A real-time temperature of the surface 332 of the polishing pad
assembly 230 is measured (step 508). The real-time temperature of
the surface 332 of the polishing pad assembly 230 may be
continuously monitored during the polishing process using the
temperature sensors 302 in the polishing pad assembly 230. The
real-time temperature readings may be continuously transmitted to
the thermostat 304 and/or the controller 290.

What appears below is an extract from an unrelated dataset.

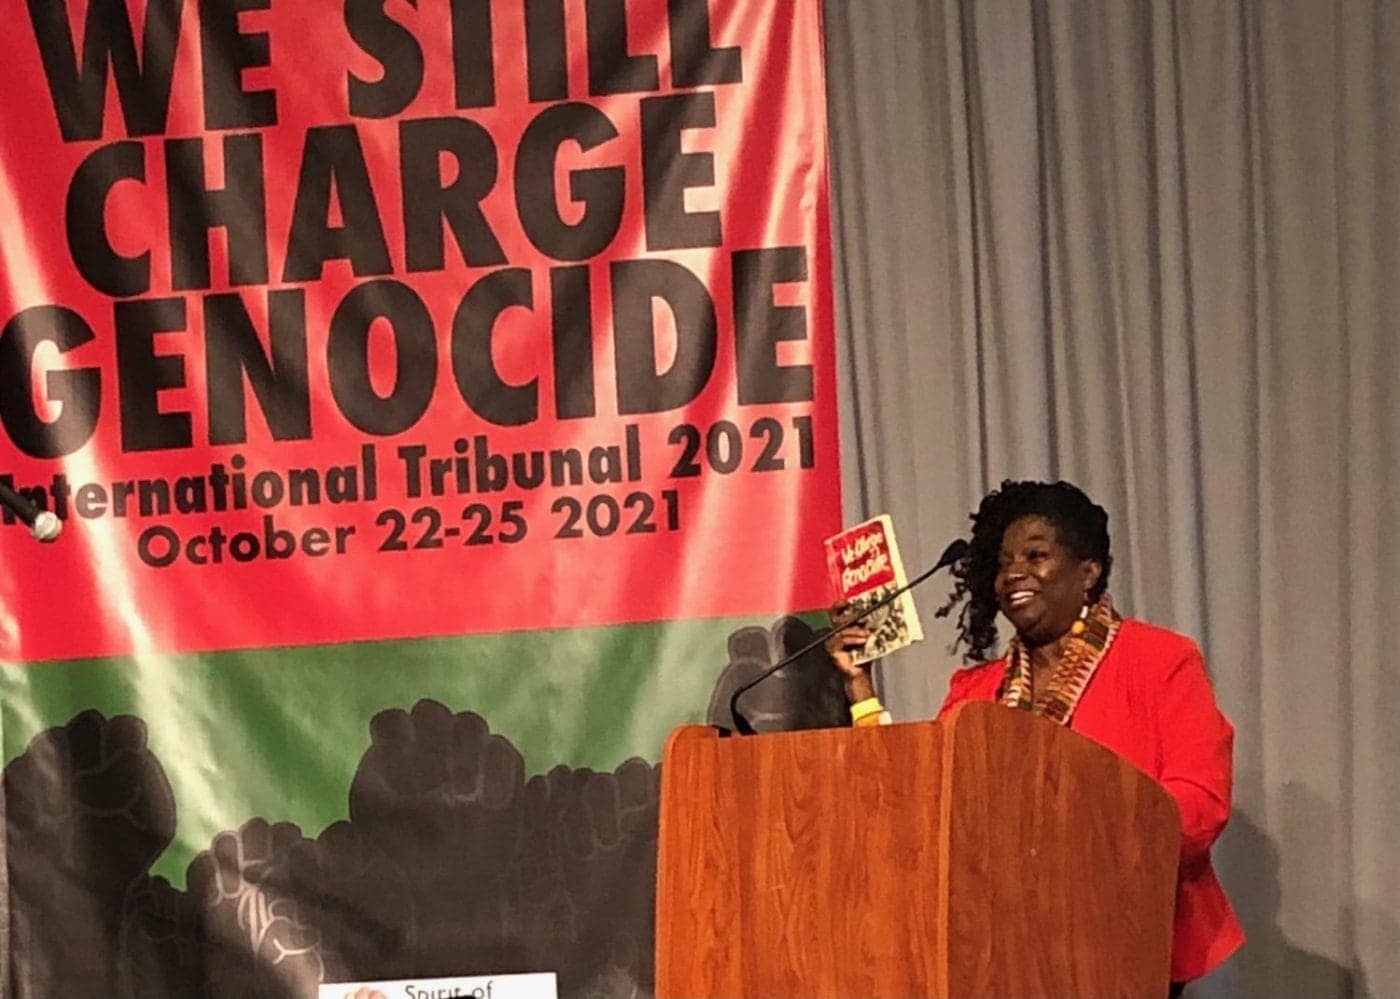 Nkechi-Taifa-chief-peoples-attorney-International-Panel-of-Jurists-Tribunal-Charging-Genocide-by-Karpani-1021-1400x999, Guilty on all counts!, News & Views

In one embodiment, the real-time temperature measurements of the
substrate may be used to develop a real-time profile temperature
model of the surface 332 of the polishing pad assembly 230. While
the substrate is being polished, profile data may be obtained for a
region on the surface 332 of the polishing pad assembly 230. For
example, data related to the temperature of a portion of the
surface 332 of the polishing pad assembly 230 may be obtained using
the temperature sensors 302 during the polishing process. The
profile data may be processed. For example, temperature processing
algorithms may be used to equate temperature measurements with
particular regions of the surface 332 of the polishing pad assembly
230. The processed temperature profile data may then be compared to
desired profile temperature data to determine if a profile error is
greater than a minimum acceptable error. If it is not, the
conditioning parameters may be unchanged, and further profile data
for another region of the surface 332 of the polishing pad assembly
230 may be obtained.
In one embodiment a line scan of temperature across the surface of
the pad assembly may be performed so that temperature profile
information is obtained for the plurality of regions at different
radial distances from a center of the pad assembly 230. Note that
the process of obtaining and processing data may occur as separate
discrete steps for different regions of the substrate, may occur
generally continuously and concurrently, with data acquisition
occurring on timescales that are short compared to relative
translation of the line scan temperature sensor with respect to the
surface of the pad assembly 230. Moreover, after sorting the
temperature measurements into radial ranges, information on the
temperature profile of the surface 332 of the pad assembly 230 can
be fed in real-time into the controller 290 to periodically or
continuously to modify the conditioning pressure profile applied by
the conditioning apparatus 228.
In one embodiment, the real-time temperature profile model of the
polishing pad assembly 230 may be used in conjunction with the RTPC
model of the substrate to adjust both the conditioning parameters
for the pad conditioning apparatus and the polishing parameters in
real-time to compensate for the thickness of the conductive
material at different regions on the substrate. In one embodiment,
an incoming thickness profile of a conductive material across the
surface of a substrate is determined. The substrate is polished
with a surface of the polishing pad assembly. During the polishing
process, a real-time thickness profile model of the conductive
material across the surface of the substrate is developed. During a
polishing process a real-time temperature profile model of the
surface of the polishing pad assembly is developed. The surface of
the polishing pad assembly is contacted with a pad conditioner to
adjust the temperature of the surface of the polishing pad assembly
in response to the real-time thickness profile model of the
conductive material across the surface of the substrate and the
temperature profile model of the surface of the polishing pad
assembly.
The real-time temperature of the surface 332 of the polishing pad
assembly 230 is compared with a temperature range (step 510)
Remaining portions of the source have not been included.